Кстати знаки классности то-же незначительно отличаются, если внимательно к ним присмотреться.

----------


## Gnom

> А  в чем смысл вопроса? Знаки выпускались в разное время и видимо разными предприятиями, отсюда и незначительные различия.
> Кстати знаки классности то-же незначительно отличаются, если внимательно к ним присмотреться.


Смысл вопроса в цвете.  :Smile:

----------


## Gnom

Я так понял что цвет значения не имеет?

----------


## Carrey

Например, у танкистов (бронетанковые войска, мотокавалерийские полки и т.п.) разных стран, эмблемы, что попроще в исполнении и цвете (серебро, никель) - носит рядовой состав, а золотые - уже офицерский.

----------


## BratPoRazumu

> Например, у танкистов (бронетанковые войска, мотокавалерийские полки и т.п.) разных стран, эмблемы, что попроще в исполнении и цвете (серебро, никель) - носит рядовой состав, а золотые - уже офицерский.

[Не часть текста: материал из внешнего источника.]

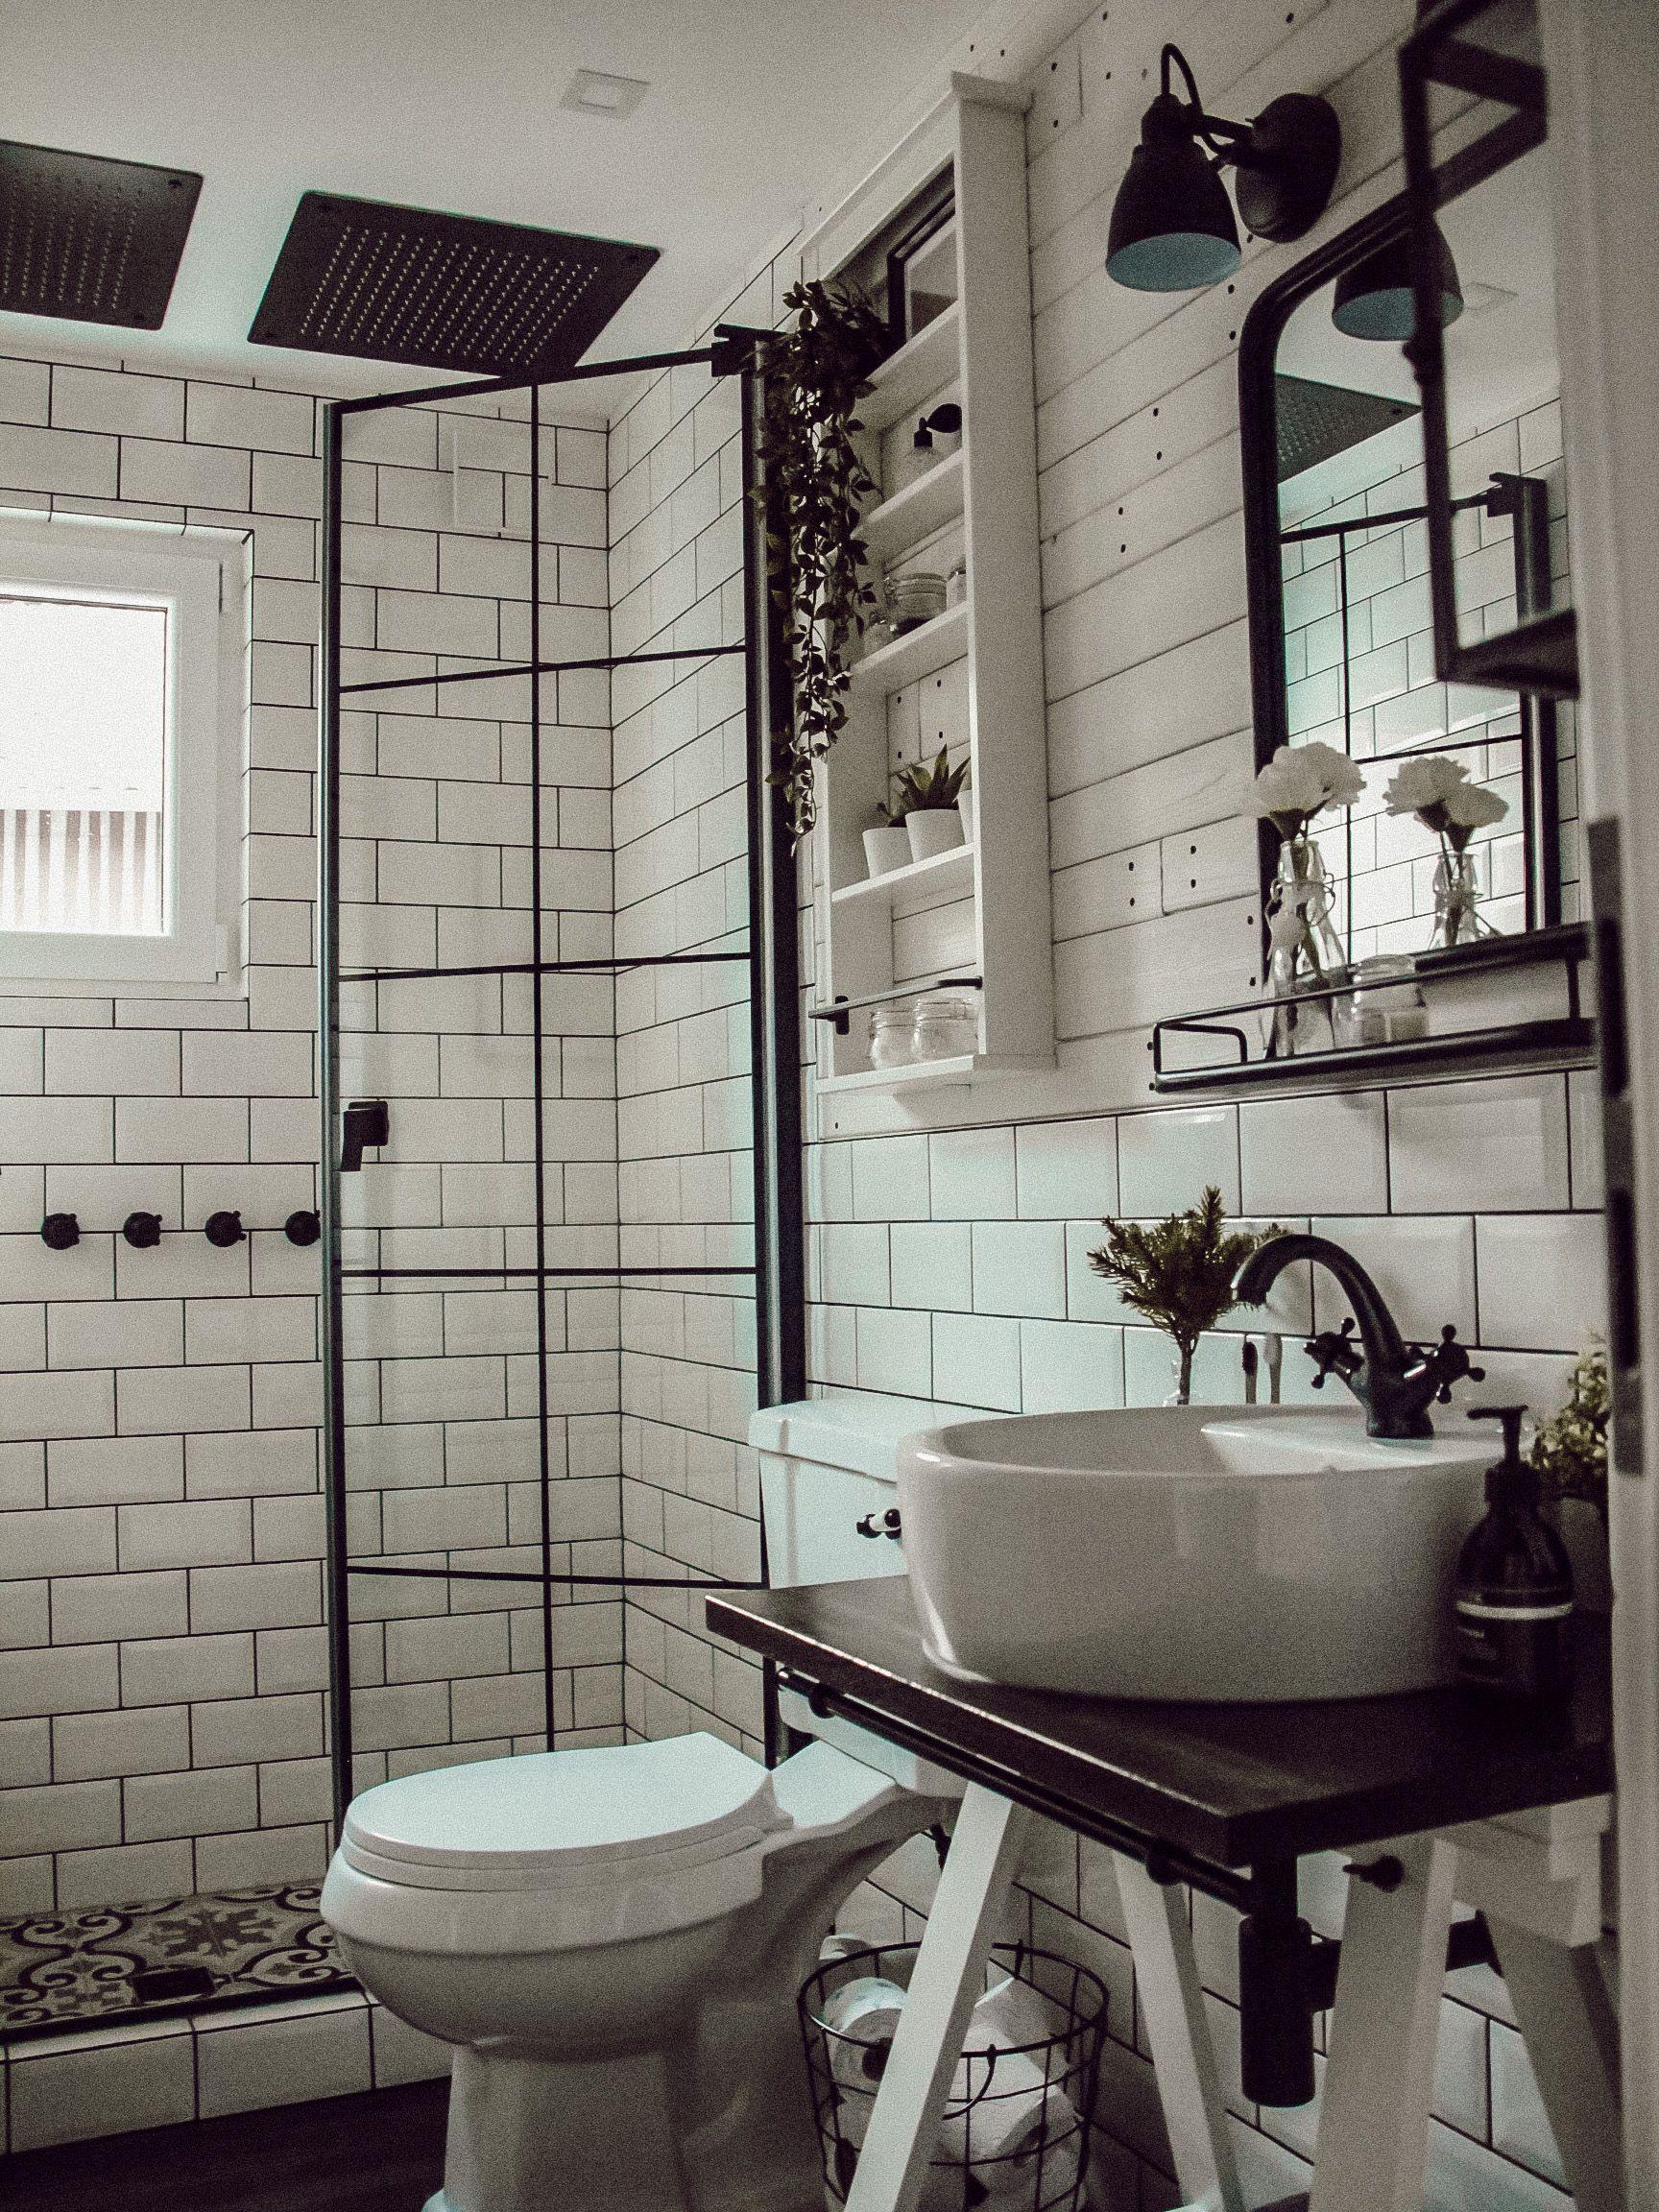 Bathroom Badezimmer Badezimmerideen Badezimmerdesign Industrial Industrialdesign Industrialdecor Inspiration Badezim In 2020 Badezimmer Mobel Badezimmer Design
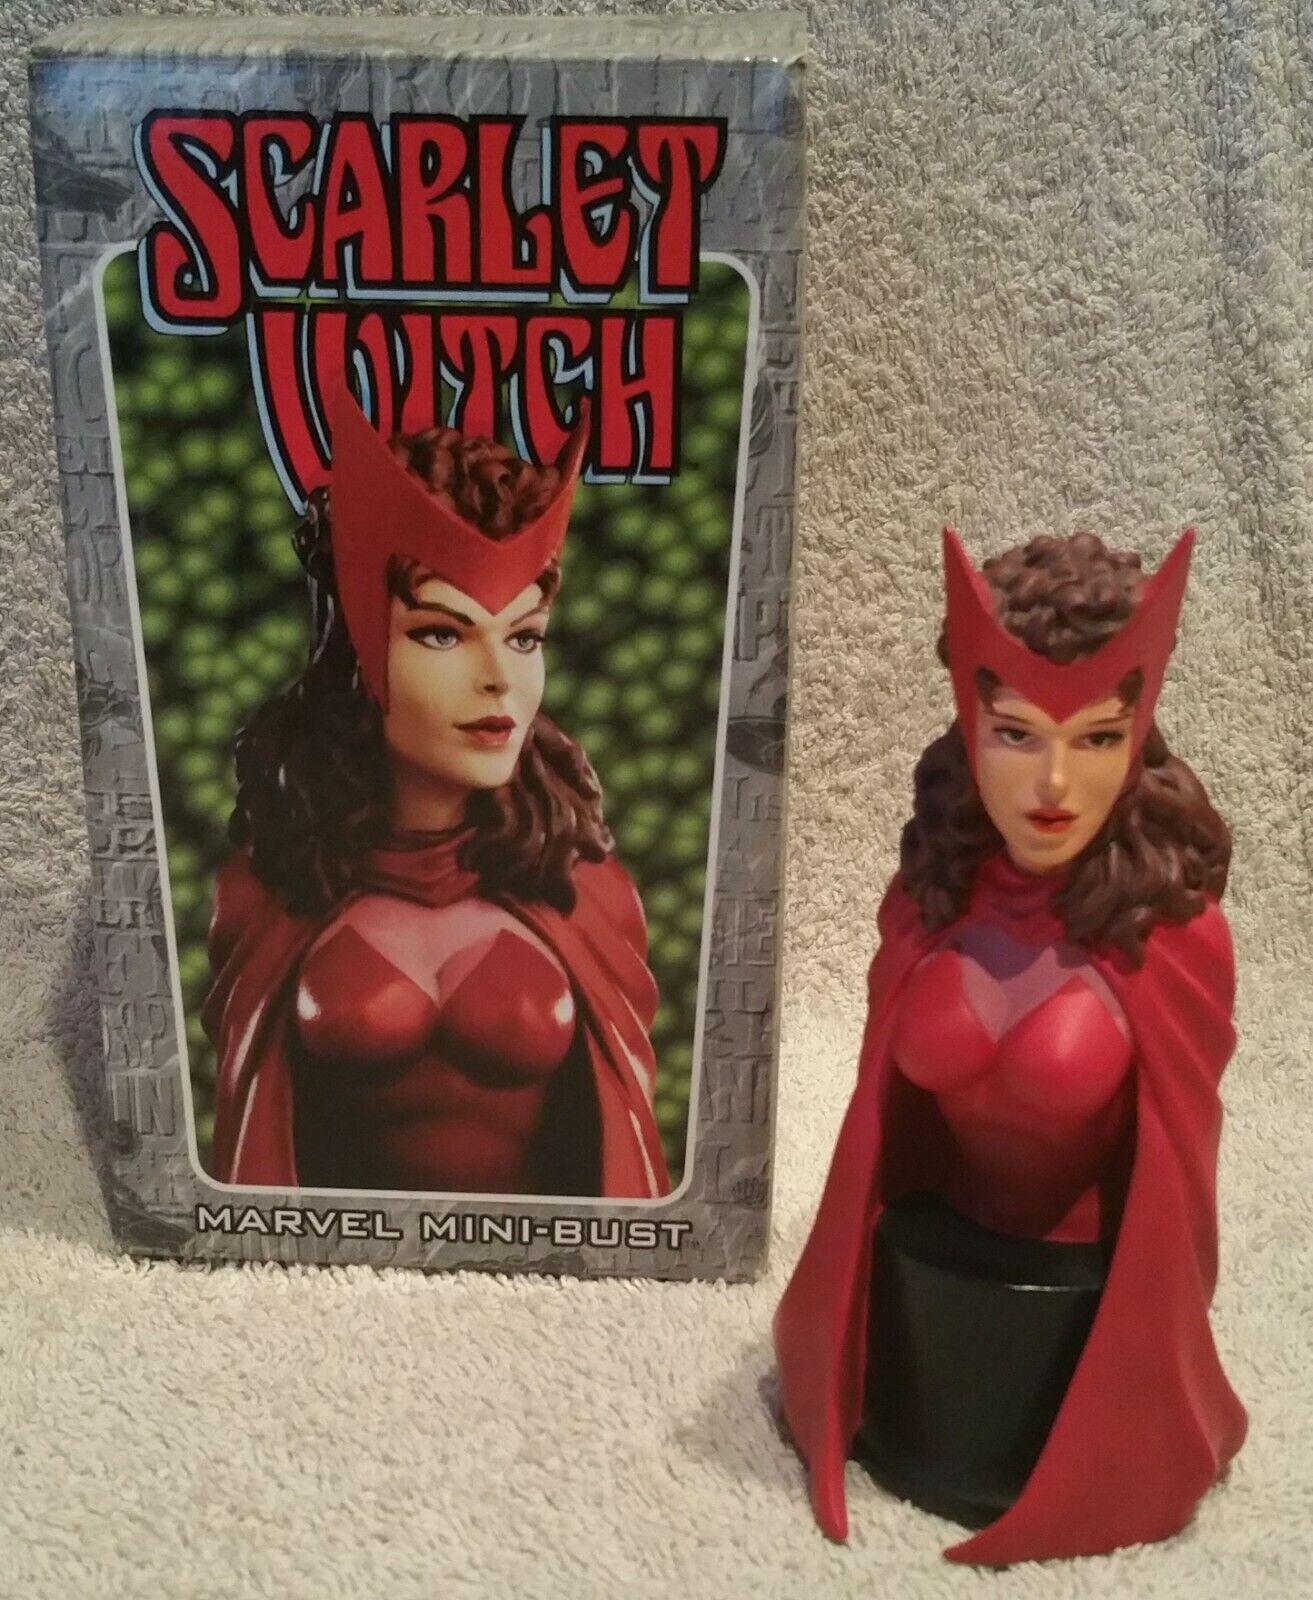 Busto LA BRUJA ESCocheLATA (SCochelet Witch - X-Men Vengadores) Bowen Designs 2000.

в ГА ИАС и АУП - серебро, ЛПС - золото.
по "воспоминаниям и преданиям" деда (ВВС ВМФ -ДКБФ, КСФ) 1944-7...) также была градация серебро/золото - ИАС/ЛПС
анекдотов было...

----------


## Gnom

Нашёл в сети ответ на свой вопрос :Biggrin:

----------


## Gnom

Приобрёл такой знак. Он официальный?

----------